Problem requirements: For this exercise, reproduce the entries below exactly, but only from the line containing "Alfa Romeo Gta" through the line containing "Unlocked Polarized Sunglasses", both included.
══════
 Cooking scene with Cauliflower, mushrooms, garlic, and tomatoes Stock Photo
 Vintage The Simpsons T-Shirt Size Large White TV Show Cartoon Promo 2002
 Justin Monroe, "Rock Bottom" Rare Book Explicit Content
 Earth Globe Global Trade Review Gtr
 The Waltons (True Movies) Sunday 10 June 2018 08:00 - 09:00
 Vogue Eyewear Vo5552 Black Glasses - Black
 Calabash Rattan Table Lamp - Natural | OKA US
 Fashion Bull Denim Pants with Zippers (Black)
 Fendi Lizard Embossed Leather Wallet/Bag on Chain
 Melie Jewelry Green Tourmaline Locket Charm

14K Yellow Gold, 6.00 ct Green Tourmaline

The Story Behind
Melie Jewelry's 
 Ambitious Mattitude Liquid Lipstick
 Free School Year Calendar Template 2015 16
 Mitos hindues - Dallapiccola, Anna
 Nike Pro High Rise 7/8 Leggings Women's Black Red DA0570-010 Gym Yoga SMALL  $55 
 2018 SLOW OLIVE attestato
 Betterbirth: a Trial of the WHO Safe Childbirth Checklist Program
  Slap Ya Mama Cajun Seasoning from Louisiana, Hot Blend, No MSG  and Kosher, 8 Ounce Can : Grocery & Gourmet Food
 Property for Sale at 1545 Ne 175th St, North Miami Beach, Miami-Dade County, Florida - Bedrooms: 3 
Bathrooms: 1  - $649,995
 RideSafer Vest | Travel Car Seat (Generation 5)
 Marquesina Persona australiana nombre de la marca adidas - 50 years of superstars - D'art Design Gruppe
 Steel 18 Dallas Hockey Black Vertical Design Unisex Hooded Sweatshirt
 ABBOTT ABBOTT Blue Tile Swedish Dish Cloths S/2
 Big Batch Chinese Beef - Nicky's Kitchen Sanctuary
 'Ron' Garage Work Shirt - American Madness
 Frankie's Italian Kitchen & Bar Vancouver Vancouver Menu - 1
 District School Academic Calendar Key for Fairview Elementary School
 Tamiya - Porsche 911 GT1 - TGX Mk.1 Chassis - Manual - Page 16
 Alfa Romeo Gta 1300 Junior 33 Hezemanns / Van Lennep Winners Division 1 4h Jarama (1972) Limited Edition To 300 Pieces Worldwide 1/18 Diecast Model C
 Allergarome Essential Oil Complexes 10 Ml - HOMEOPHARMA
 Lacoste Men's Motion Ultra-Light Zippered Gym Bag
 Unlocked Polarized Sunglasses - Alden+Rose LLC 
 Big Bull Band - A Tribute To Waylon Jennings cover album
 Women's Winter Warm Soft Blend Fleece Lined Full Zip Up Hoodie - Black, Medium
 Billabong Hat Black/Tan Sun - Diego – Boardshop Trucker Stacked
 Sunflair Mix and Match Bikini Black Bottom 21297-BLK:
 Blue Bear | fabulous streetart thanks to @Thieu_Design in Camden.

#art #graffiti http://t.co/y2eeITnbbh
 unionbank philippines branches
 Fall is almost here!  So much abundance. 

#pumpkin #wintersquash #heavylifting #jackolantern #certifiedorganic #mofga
══════
Written reply:
 Alfa Romeo Gta 1300 Junior 33 Hezemanns / Van Lennep Winners Division 1 4h Jarama (1972) Limited Edition To 300 Pieces Worldwide 1/18 Diecast Model C
 Allergarome Essential Oil Complexes 10 Ml - HOMEOPHARMA
 Lacoste Men's Motion Ultra-Light Zippered Gym Bag
 Unlocked Polarized Sunglasses - Alden+Rose LLC 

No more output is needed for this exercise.